In a 1961 speech to the National Association Of Broadcasters, FCC Chairman Newton Minnow challenged those in attendance to watch what they were producing and really look at what was on the air. If they could “keep [their] eyes glued to that set until the station signs off. I can assure you that you will observe a vast wasteland.” Thus, from that day forward, that’s been exactly how television has been known.

It wasn’t always like that, however. In 1958, legendary newsman Edward R. Murrow used the medium and his celebrity to take a stand and challenge the members of the government who tried to muzzle and cow the press with the mantra of “if you’re against us, you must be a commie.” In the midst of the Red Scare, it was Murrow who stood up to Wisconsin Senator Joe McCarthy’s tactics of smear and finger-pointing.

After covering the story of how Air Force officer Milo Radulovich was discharged for being a communist sympathizer with no evidence presented at his hearing, Murrow and his producer Fred Friendly decided to take the fight national. Despite the reservations of the higher-ups at CBS, Murrow challenged McCarthy with the facts. McCarthy shot back by trying to peg Murrow as a communist for challenging him, but the argument never took, and McCarthy’s tactics would eventually come under investigation by the full Senate.

Good Night, And Good Luck finds director George Clooney and the cast, especially David Strathairn as Murrow, in top form. Clooney, who has strong roots in the news business (his father Nick was a longtime anchor in Cincinnati), also makes the wise decision to use the actual footage of McCarthy, instead of an actor. Shot in black and white, the film perfectly captures the look and feel of late-’50s CBS.

The DVD carries only a commentary track by Clooney and co-writer/producer Grant Heslov, and a behind-the-scenes feature with descendants of Murrow and Friendly, as well as the real-life Milo Radulovich.

Extended extras are not needed, as the film speaks for itself. The sad part about Good Night, And Good Luck, is that something like this, no matter how desperately needed, is never going to happen again. With the myriad network choices and the 24-hour-news cycle, the pull of ratings and access is simply too great to concern one’s self with facts and journalistic standards.

If only someone could have predicted this situation . . .
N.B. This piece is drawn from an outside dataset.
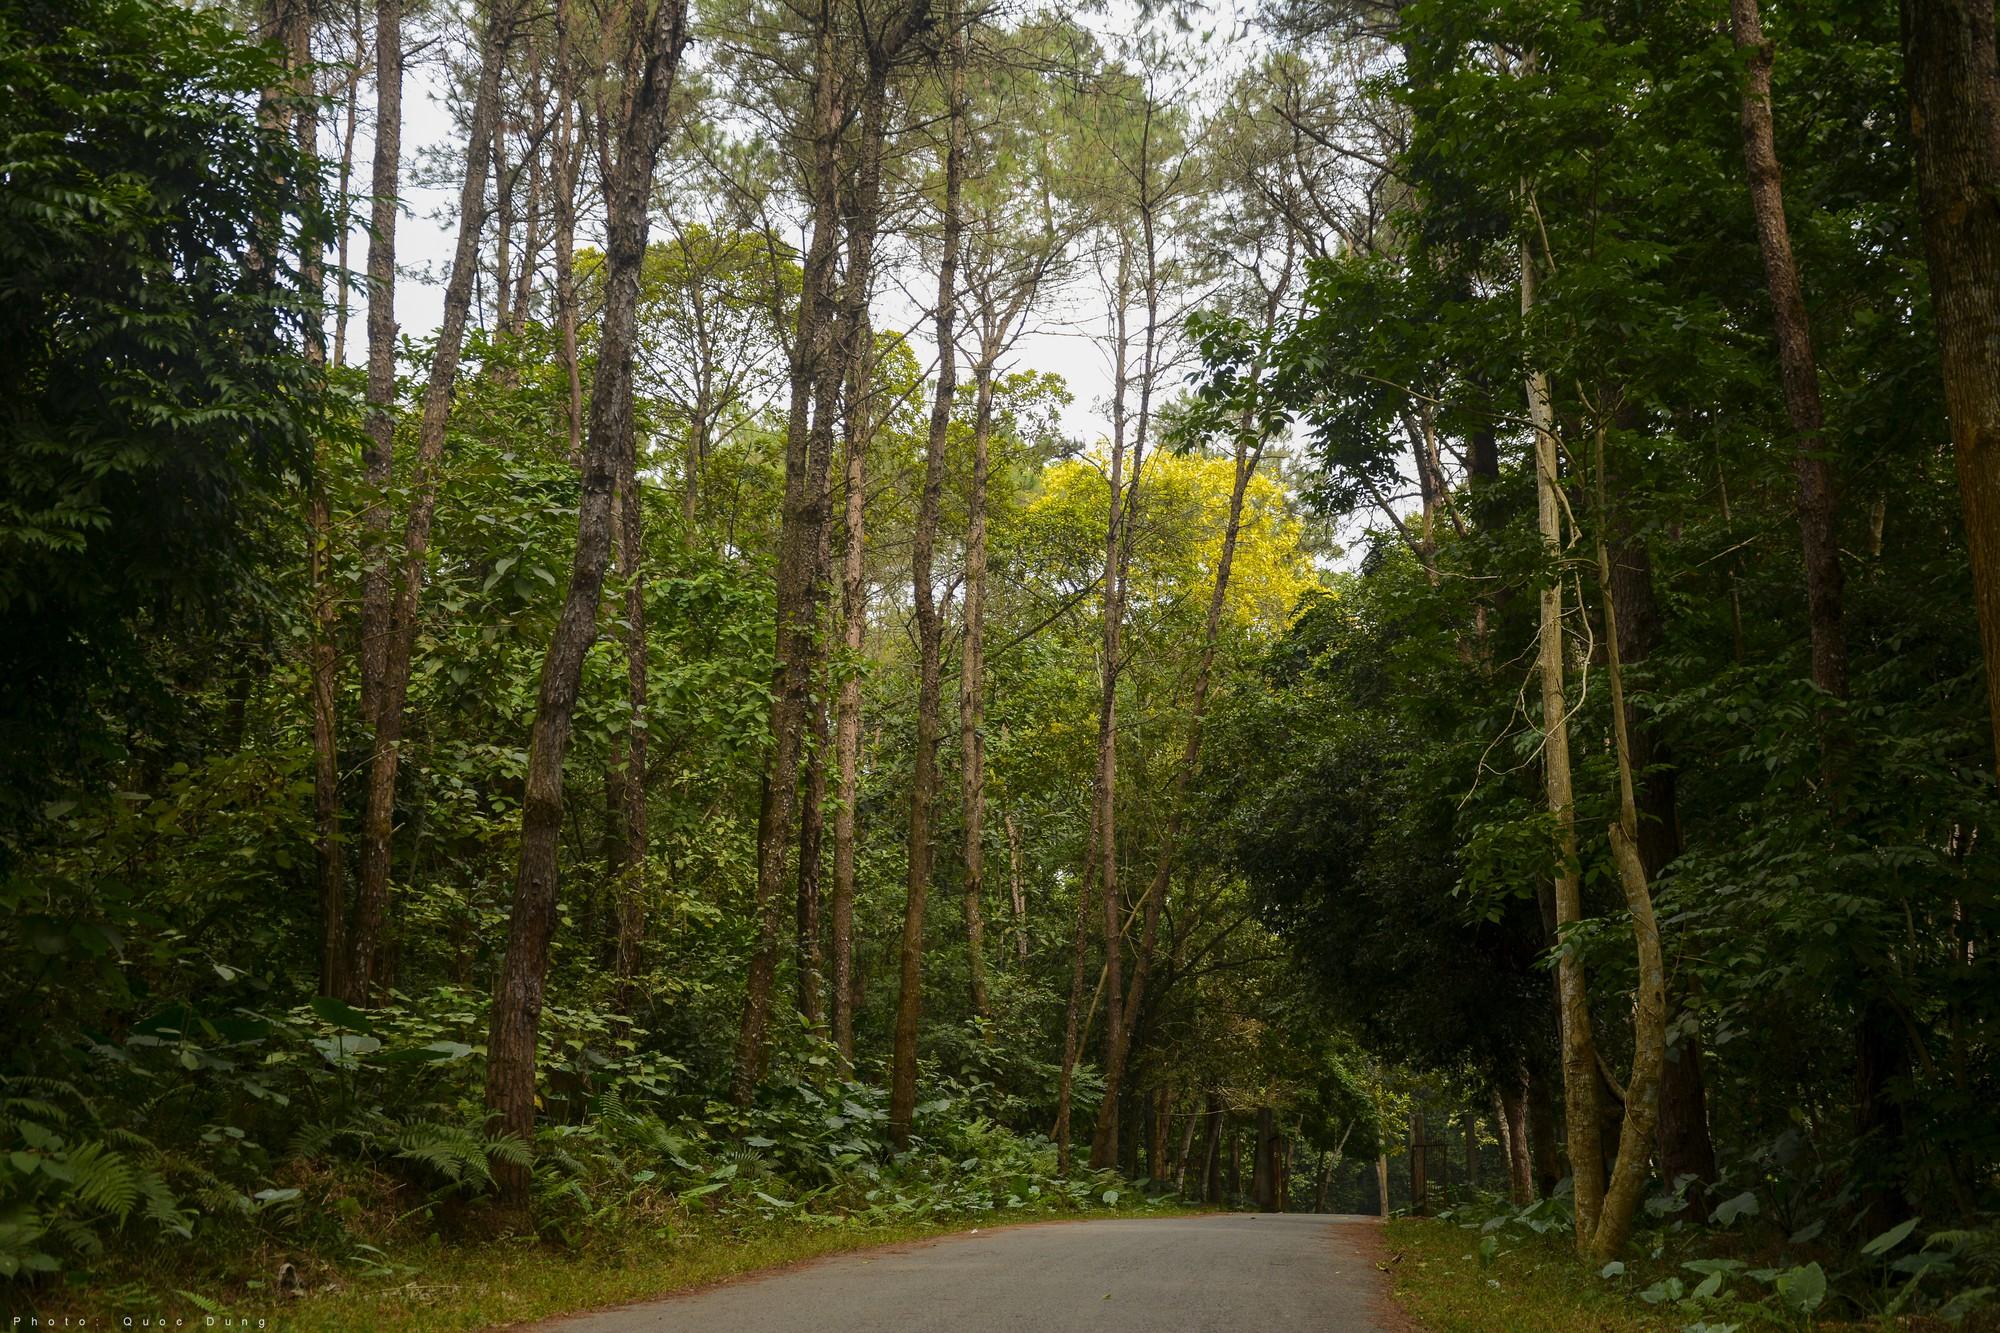 Đây là Đại học duy nhất ở Việt Nam có 1 khu rừng tuyệt đẹp ngay trong khuôn viên trường, tha hồ sống ảo - Ảnh 4.

In the late Paddy Chayefsky’s Network, crusty news director Max Schumacher describes his mistress, high powered network exec Dianne Christensen, as television incarnate, searching for anything to fill the shrieking nothingness inside.

At long last, one of the greatest films of all time gets the special-edition treatment. In 1976, Network was released and viewed as pure satire: a savaging of the perceived state of network television and news.

As long-time network news anchor Howard Beale is fired because of low ratings, his on-air breakdown causes his audience share to skyrocket. Naturally, he is kept on as the corporation that has taken over the network instigates its anything-for-ratings-scheme.

In his Oscar-winning role as Beale, Peter Finch’s “Mad As Hell” speech is now the stuff of film legend. However, the amazing thing about Network is that “Mad As Hell” is only one of many equally memorable monologues. As corporate CEO Arthur Jensen, Ned Beatty’s rant against Beale tampering with the primal forces of nature is a masterpiece of writing and directing. Sidney Lumet has directed several films worthy of inclusion on anyone’s Top-50 list, but Network stands as his greatest achievement.

The two-disc set comes packed with features such as a profile of Chayefsky in the six-part making-of feature, commentary by Lumet, and an interview with the director just to name a few.

Who would have thought what was considered outrageous satire in 1976 would end up being the blueprint for modern day television. With the glut of reality shows, government sanctioned news channels, and the celebrity trial of the week, Schumacher might have been wrong about the shrieking nothingness.

If you turn the volume down, you might just hear Paddy Chayefsky rolling in his grave.